▸ **Description of the task**: What you need to produce from the material below is an exact transcription of the lines from the one with "Продам акустическую гитару" through the one with "Vickers Type 150 Vanox", both included, and no other line.

▸ **Data shown**:
──────

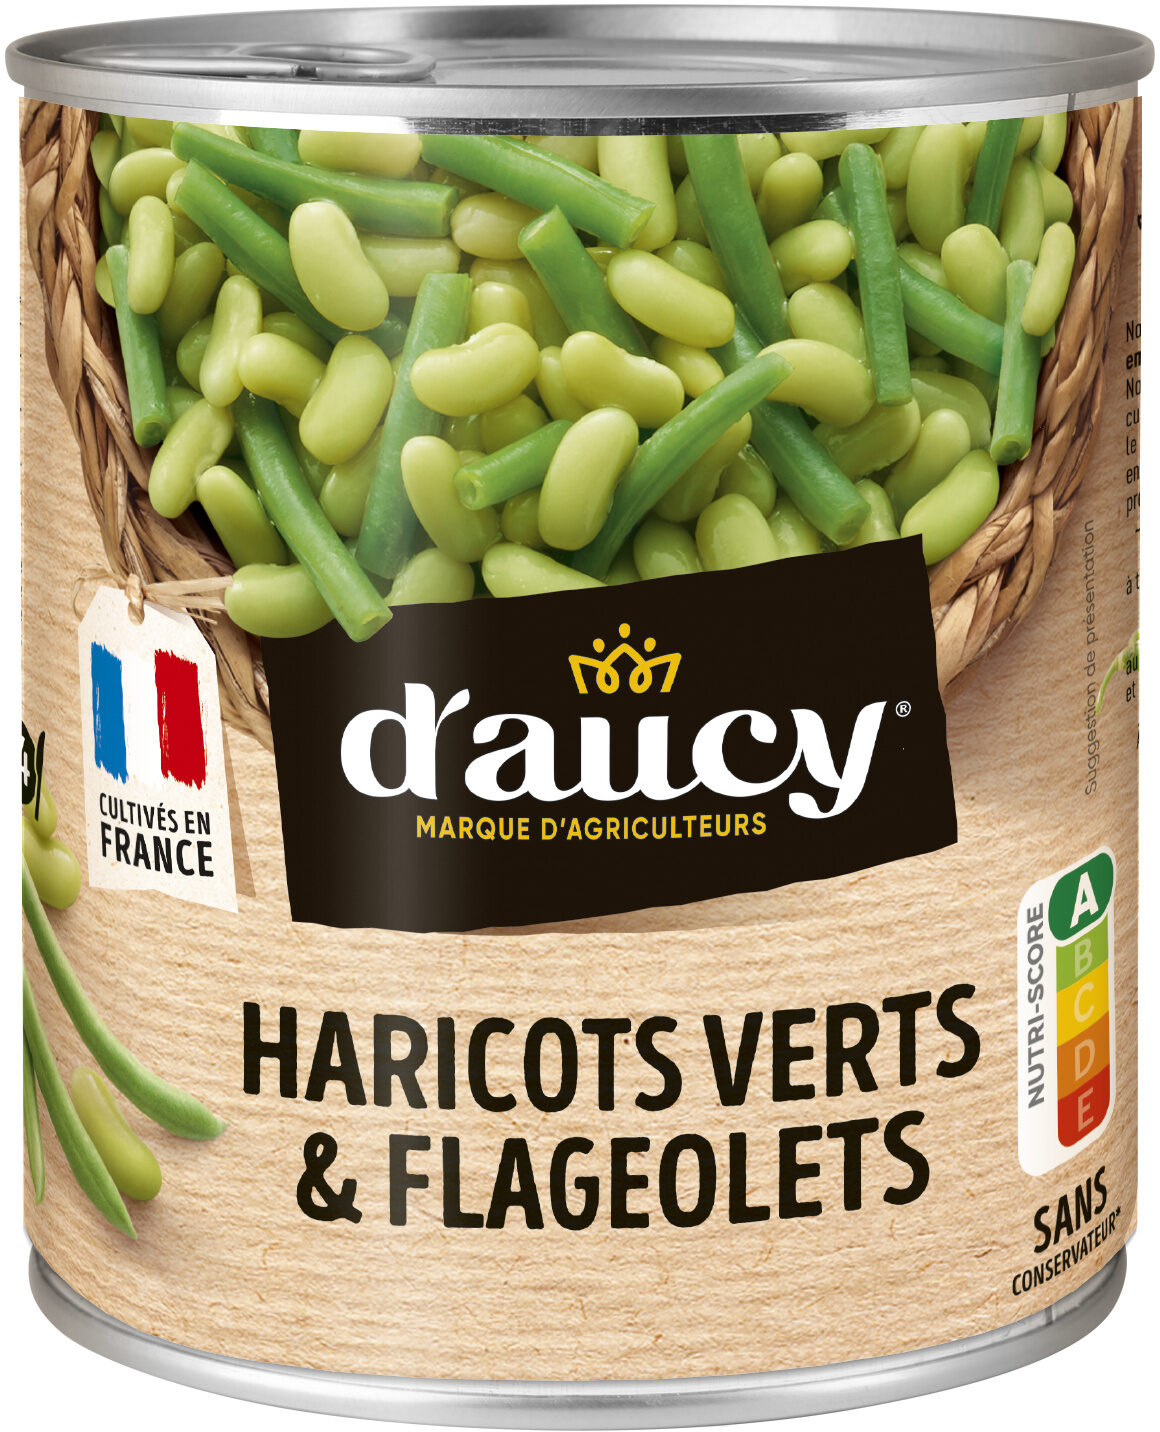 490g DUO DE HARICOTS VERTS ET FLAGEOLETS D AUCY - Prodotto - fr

──────

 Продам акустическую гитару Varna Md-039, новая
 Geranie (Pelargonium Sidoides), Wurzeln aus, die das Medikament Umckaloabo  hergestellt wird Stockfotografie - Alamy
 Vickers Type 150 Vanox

──────

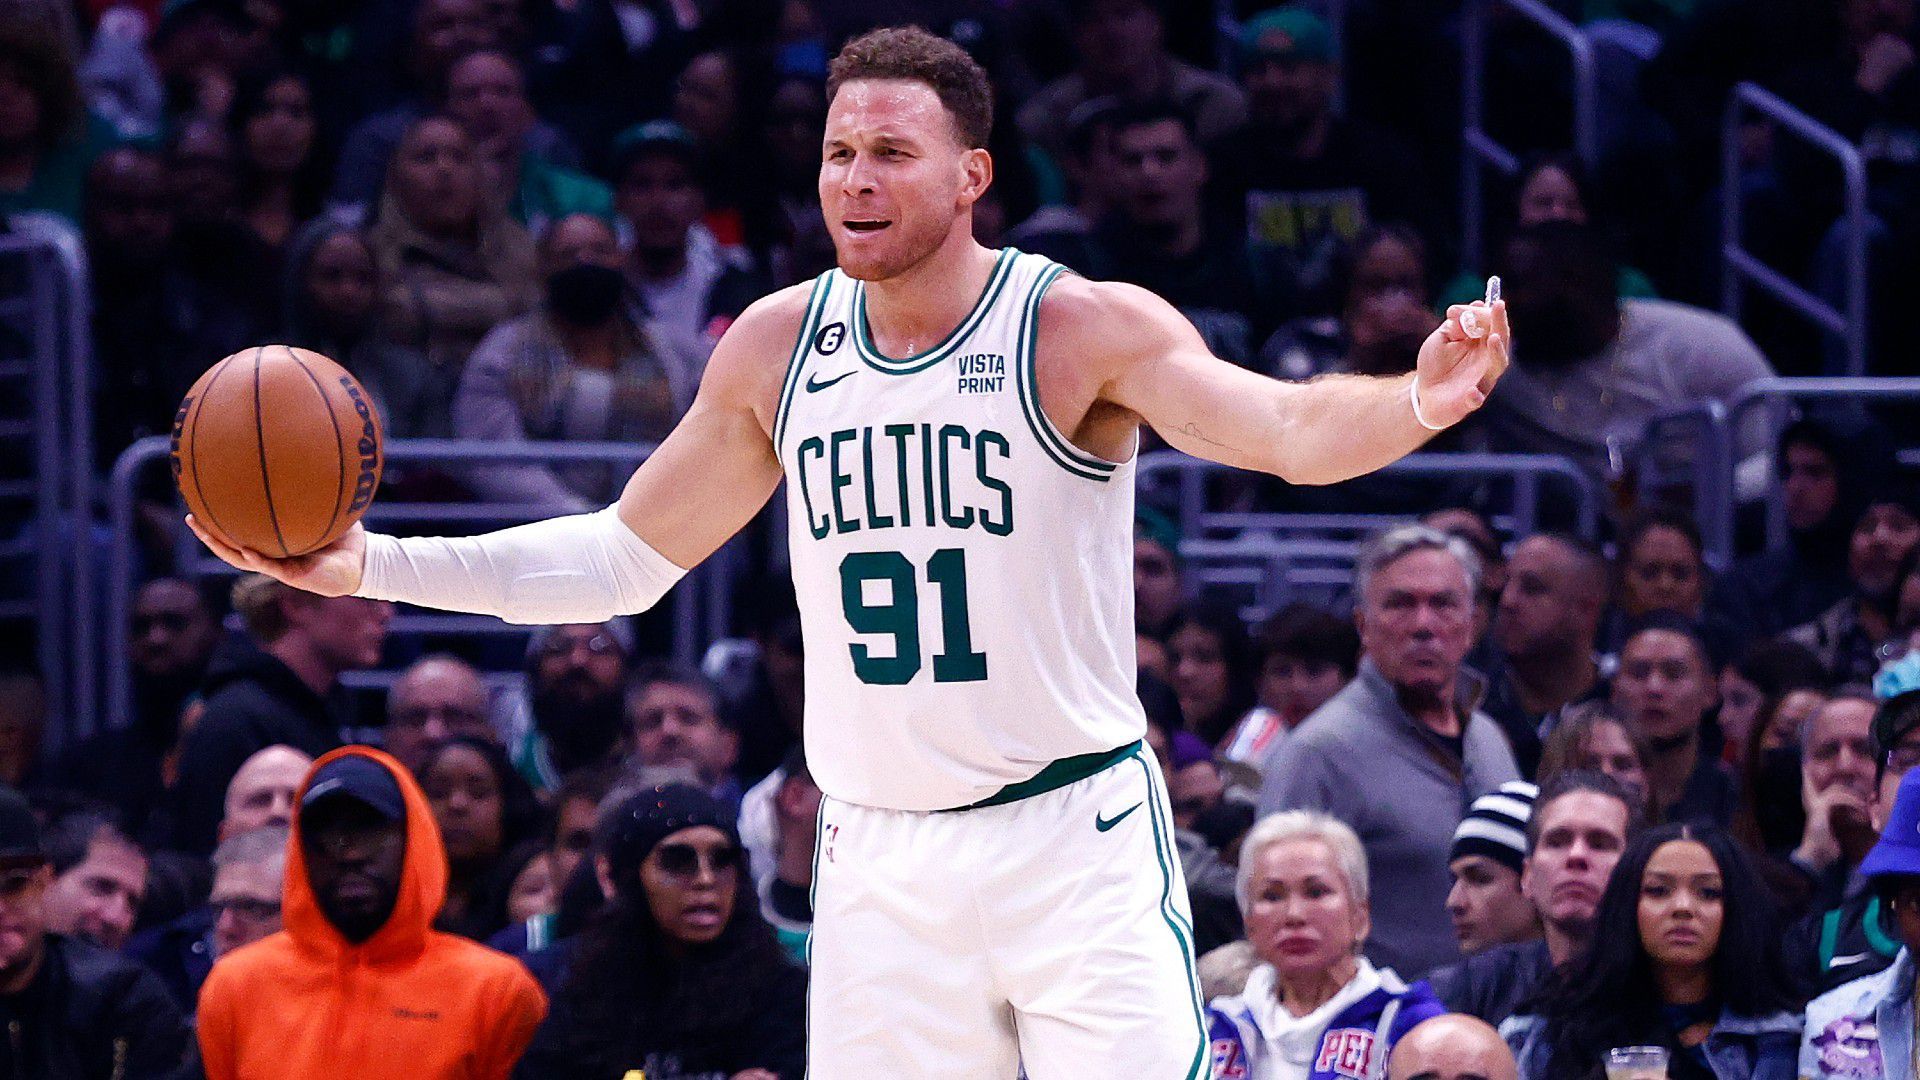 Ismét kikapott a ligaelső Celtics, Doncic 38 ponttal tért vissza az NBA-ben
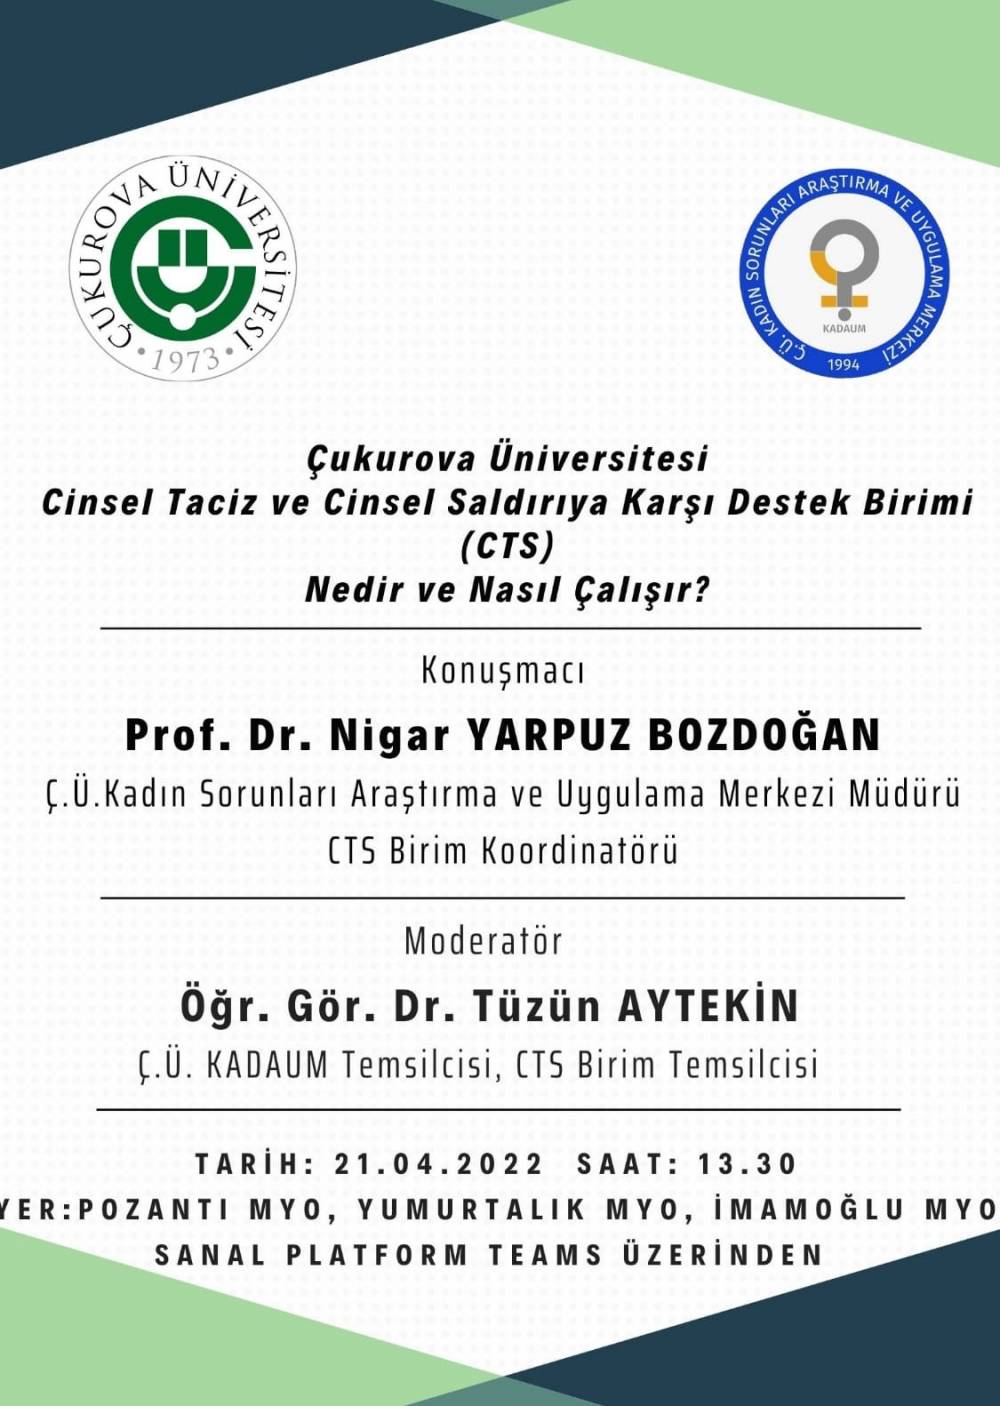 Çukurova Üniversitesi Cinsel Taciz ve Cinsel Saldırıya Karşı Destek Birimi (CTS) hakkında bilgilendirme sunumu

──────

▸ **Task answer**:
 Продам акустическую гитару Varna Md-039, новая
 Geranie (Pelargonium Sidoides), Wurzeln aus, die das Medikament Umckaloabo  hergestellt wird Stockfotografie - Alamy
 Vickers Type 150 Vanox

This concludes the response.